Your assignment:
After locating the line with "Lets Express 10.92909090908 as afraction" below, output it and each following line exactly, stopping after the line with "Chairs by Arne". No pictures.

Available records:
+++
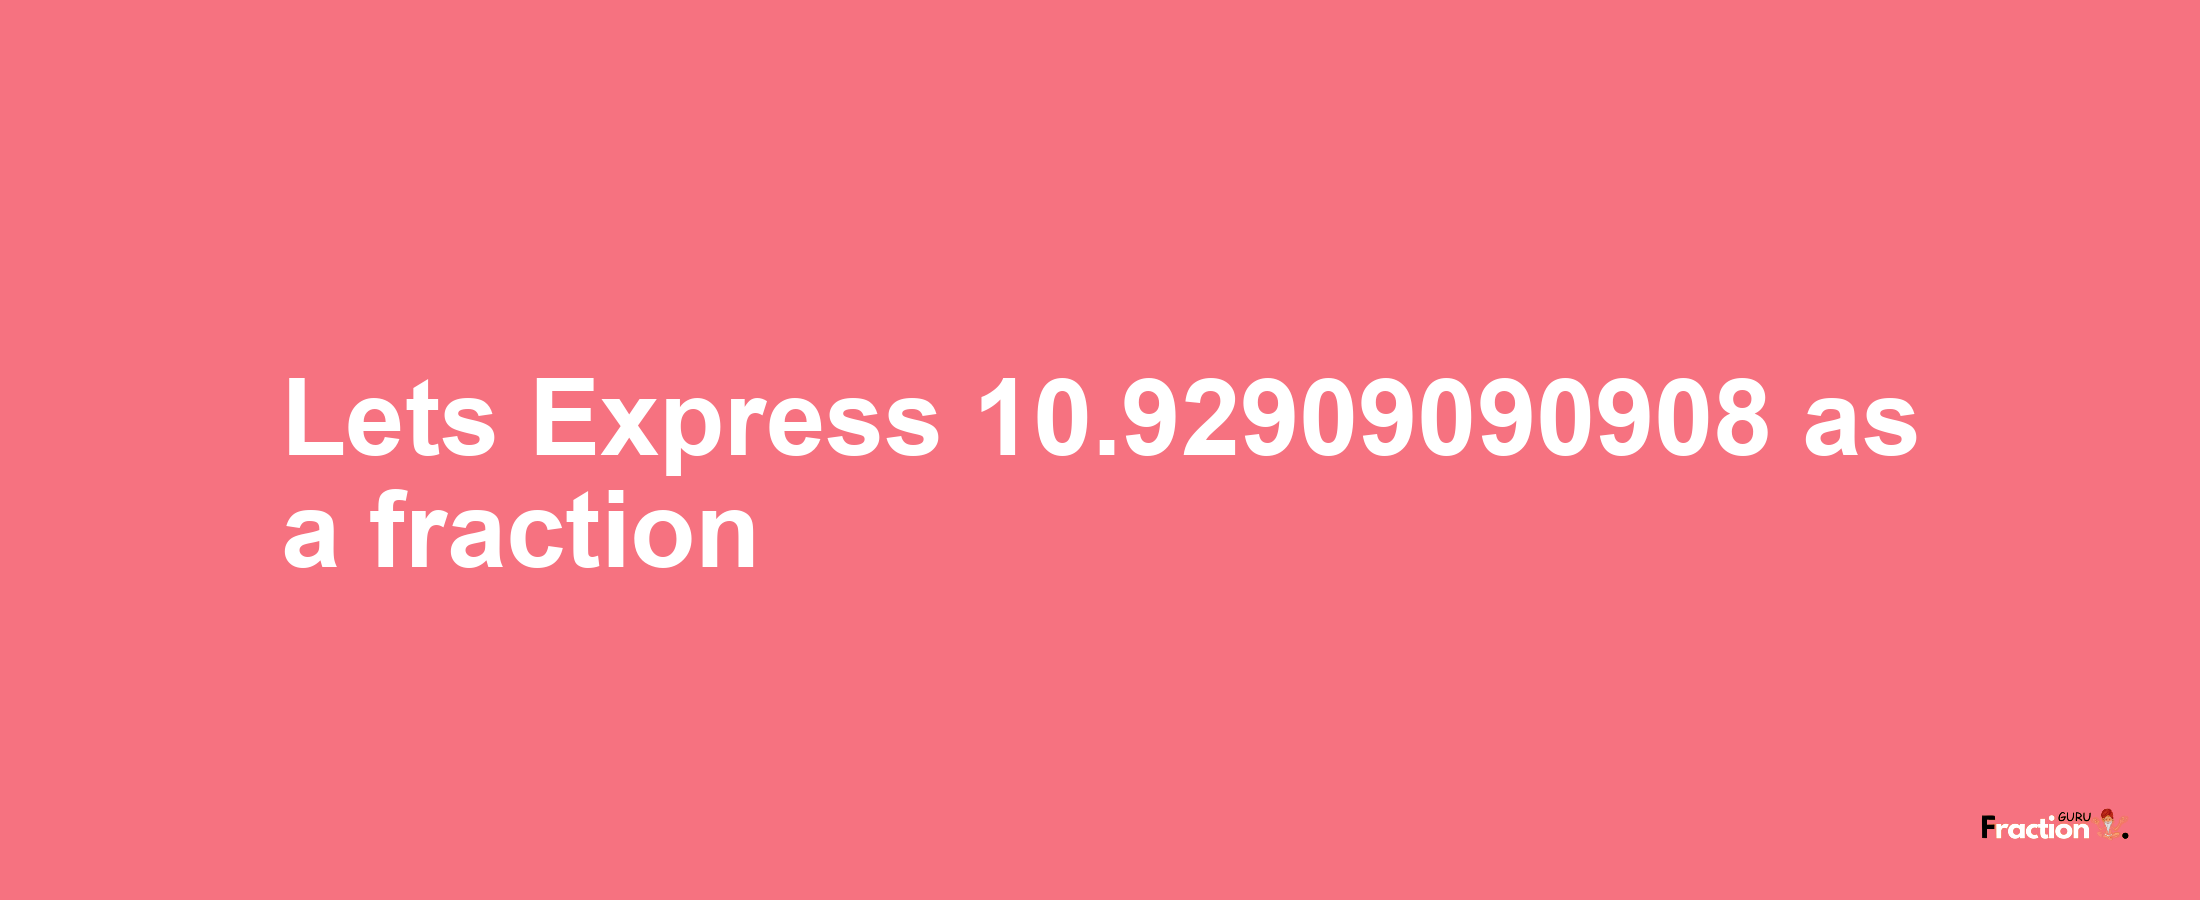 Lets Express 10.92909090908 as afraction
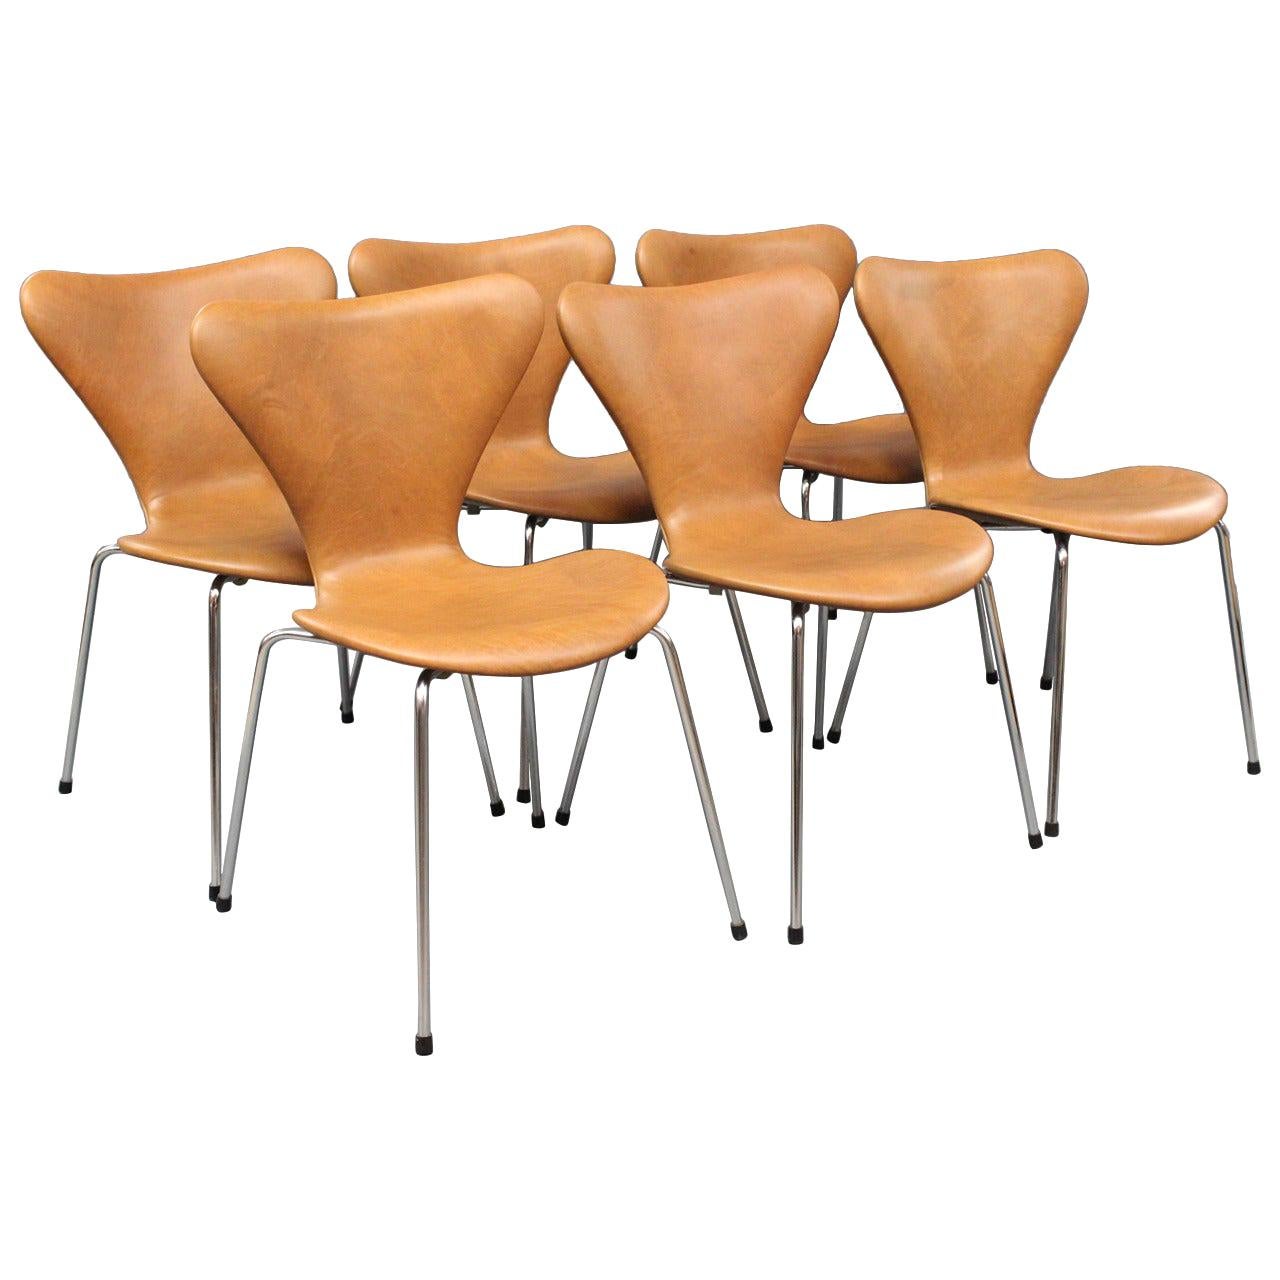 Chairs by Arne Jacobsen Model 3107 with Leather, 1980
+++
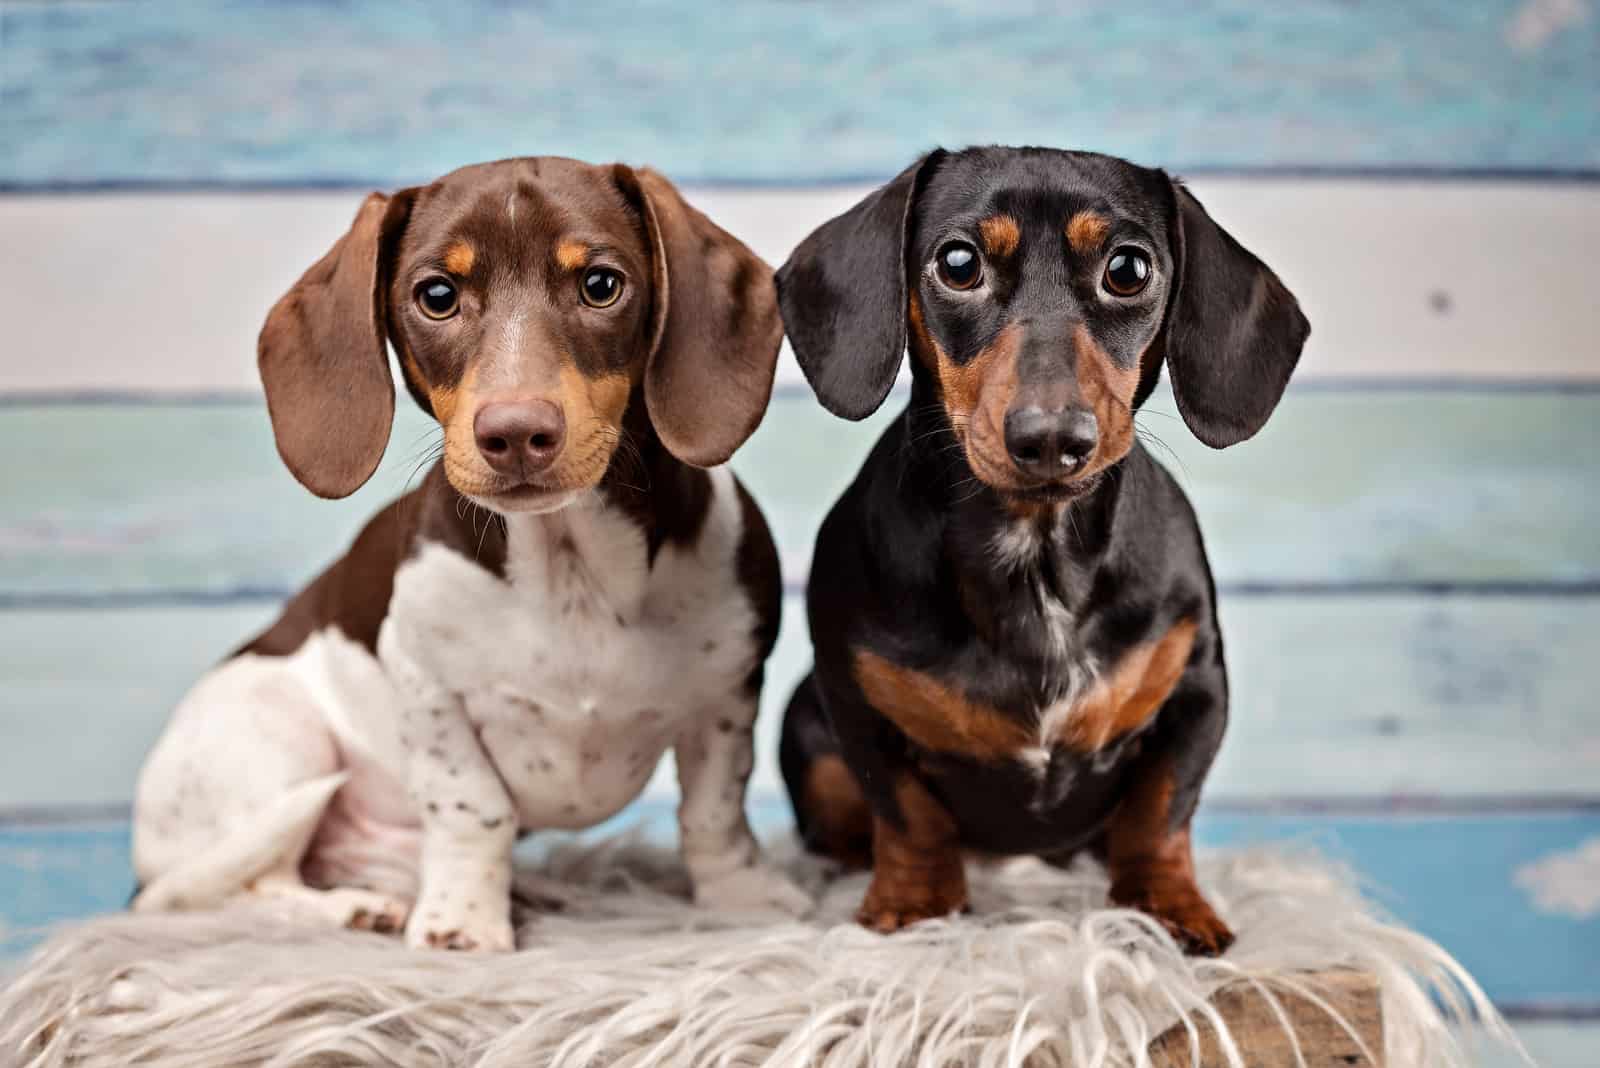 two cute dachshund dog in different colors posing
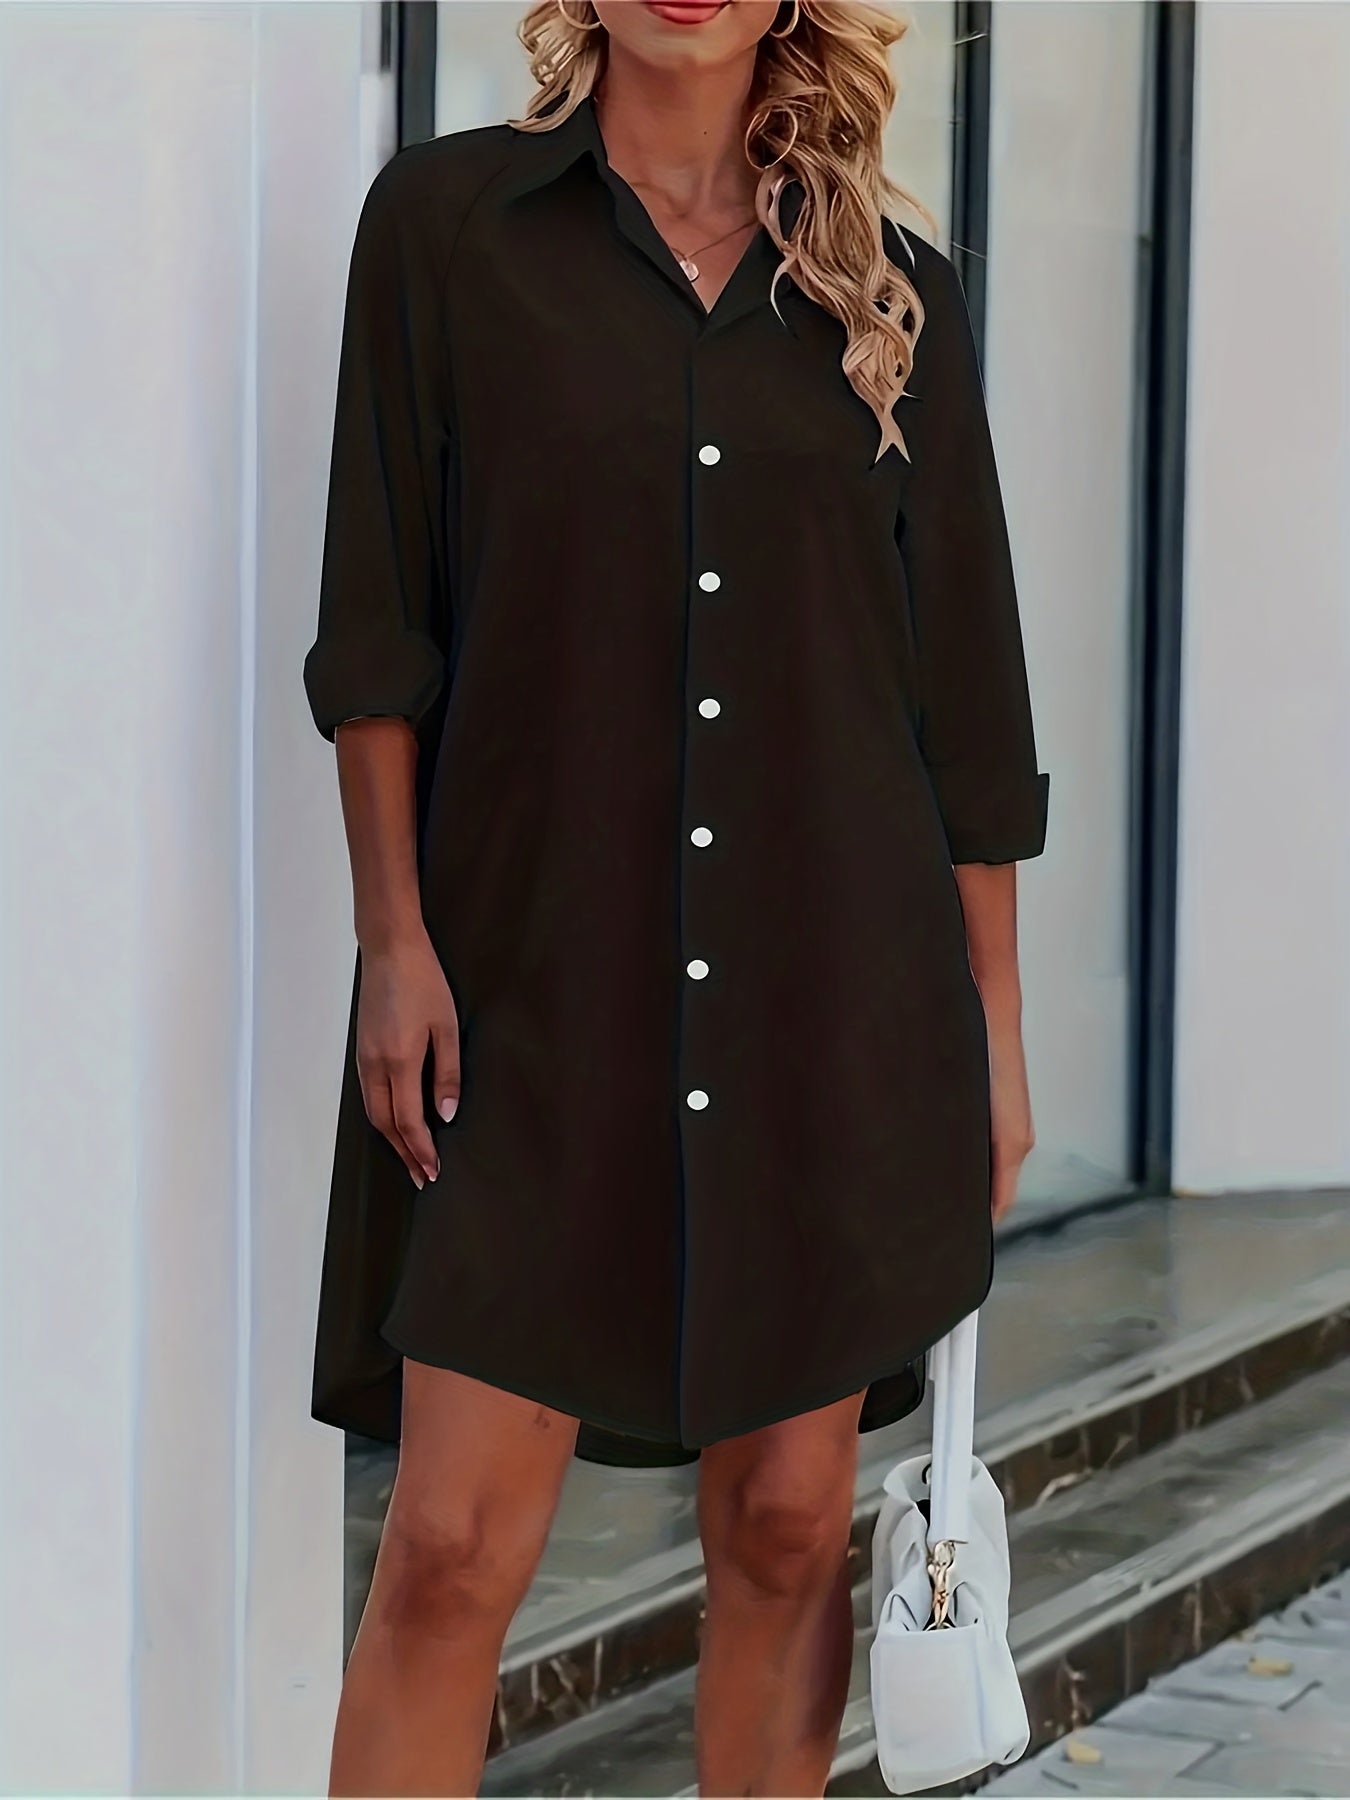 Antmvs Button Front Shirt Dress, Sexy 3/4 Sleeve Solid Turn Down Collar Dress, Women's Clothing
+++
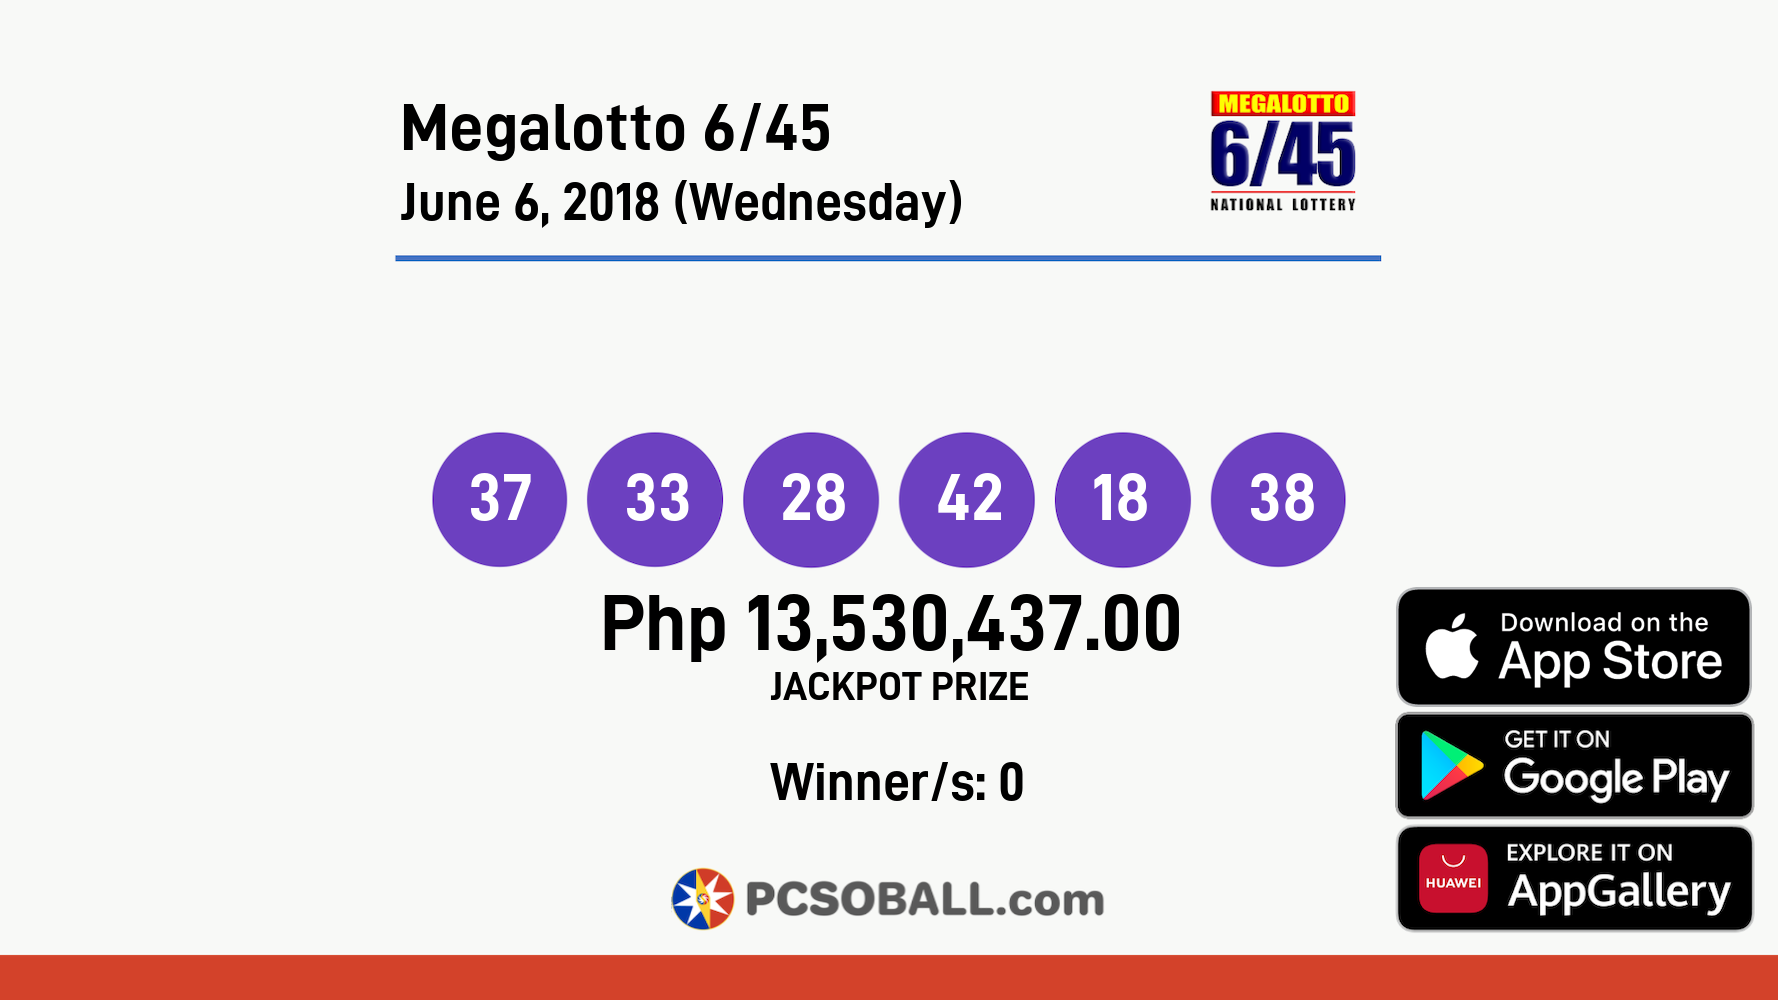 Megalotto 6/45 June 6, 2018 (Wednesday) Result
+++
Task response:
 Lets Express 10.92909090908 as afraction
 Chairs by Arne Jacobsen Model 3107 with Leather, 1980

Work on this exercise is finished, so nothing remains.